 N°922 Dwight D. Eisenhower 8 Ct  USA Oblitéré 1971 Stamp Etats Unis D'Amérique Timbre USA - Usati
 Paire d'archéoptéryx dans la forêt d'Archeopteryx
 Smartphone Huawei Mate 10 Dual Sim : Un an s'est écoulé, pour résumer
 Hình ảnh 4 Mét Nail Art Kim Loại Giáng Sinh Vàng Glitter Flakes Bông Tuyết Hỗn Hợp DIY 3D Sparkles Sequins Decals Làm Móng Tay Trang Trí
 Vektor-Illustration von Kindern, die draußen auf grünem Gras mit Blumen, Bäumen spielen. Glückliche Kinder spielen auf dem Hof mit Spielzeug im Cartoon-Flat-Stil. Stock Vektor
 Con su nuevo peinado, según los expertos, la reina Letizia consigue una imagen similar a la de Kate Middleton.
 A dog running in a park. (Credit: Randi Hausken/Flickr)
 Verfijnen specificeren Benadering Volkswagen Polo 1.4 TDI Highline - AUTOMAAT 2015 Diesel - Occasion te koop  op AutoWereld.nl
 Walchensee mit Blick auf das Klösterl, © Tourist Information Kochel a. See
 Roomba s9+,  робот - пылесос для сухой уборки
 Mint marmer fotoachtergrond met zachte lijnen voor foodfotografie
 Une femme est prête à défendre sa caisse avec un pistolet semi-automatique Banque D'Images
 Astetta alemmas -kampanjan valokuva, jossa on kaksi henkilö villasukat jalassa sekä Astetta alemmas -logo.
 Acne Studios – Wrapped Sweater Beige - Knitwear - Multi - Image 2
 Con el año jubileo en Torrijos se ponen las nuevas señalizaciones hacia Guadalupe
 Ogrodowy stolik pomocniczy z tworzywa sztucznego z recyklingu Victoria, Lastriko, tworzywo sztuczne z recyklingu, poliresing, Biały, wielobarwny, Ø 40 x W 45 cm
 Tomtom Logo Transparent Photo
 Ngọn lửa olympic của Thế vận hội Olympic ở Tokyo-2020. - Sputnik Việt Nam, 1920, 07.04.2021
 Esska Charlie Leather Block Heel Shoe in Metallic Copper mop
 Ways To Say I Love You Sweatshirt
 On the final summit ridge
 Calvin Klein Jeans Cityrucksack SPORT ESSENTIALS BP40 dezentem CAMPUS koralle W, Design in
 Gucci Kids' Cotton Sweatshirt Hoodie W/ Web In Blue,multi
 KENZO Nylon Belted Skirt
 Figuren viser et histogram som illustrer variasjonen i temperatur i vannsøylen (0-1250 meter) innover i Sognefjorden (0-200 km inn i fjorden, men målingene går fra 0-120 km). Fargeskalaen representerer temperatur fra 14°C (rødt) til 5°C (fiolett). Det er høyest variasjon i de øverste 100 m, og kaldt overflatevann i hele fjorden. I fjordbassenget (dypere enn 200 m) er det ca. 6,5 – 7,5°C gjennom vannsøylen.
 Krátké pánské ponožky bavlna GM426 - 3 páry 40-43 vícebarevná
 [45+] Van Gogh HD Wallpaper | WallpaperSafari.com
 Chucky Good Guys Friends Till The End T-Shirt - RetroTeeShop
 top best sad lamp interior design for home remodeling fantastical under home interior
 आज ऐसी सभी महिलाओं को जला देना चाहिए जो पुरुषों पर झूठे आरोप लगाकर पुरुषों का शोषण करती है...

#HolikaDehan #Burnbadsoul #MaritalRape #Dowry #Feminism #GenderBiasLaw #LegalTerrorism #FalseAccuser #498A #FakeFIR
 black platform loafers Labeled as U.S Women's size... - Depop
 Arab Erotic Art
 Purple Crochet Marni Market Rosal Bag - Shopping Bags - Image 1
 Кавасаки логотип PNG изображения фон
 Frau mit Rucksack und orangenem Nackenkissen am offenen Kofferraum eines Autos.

_TASK GOAL_
Using the entries above, give back exactly the line containing "для сухой уборки", the line containing "Une femme est", and every line between them, and nothing else.

_SOLUTION TO THE PROBLEM_
 Roomba s9+,  робот - пылесос для сухой уборки
 Mint marmer fotoachtergrond met zachte lijnen voor foodfotografie
 Une femme est prête à défendre sa caisse avec un pistolet semi-automatique Banque D'Images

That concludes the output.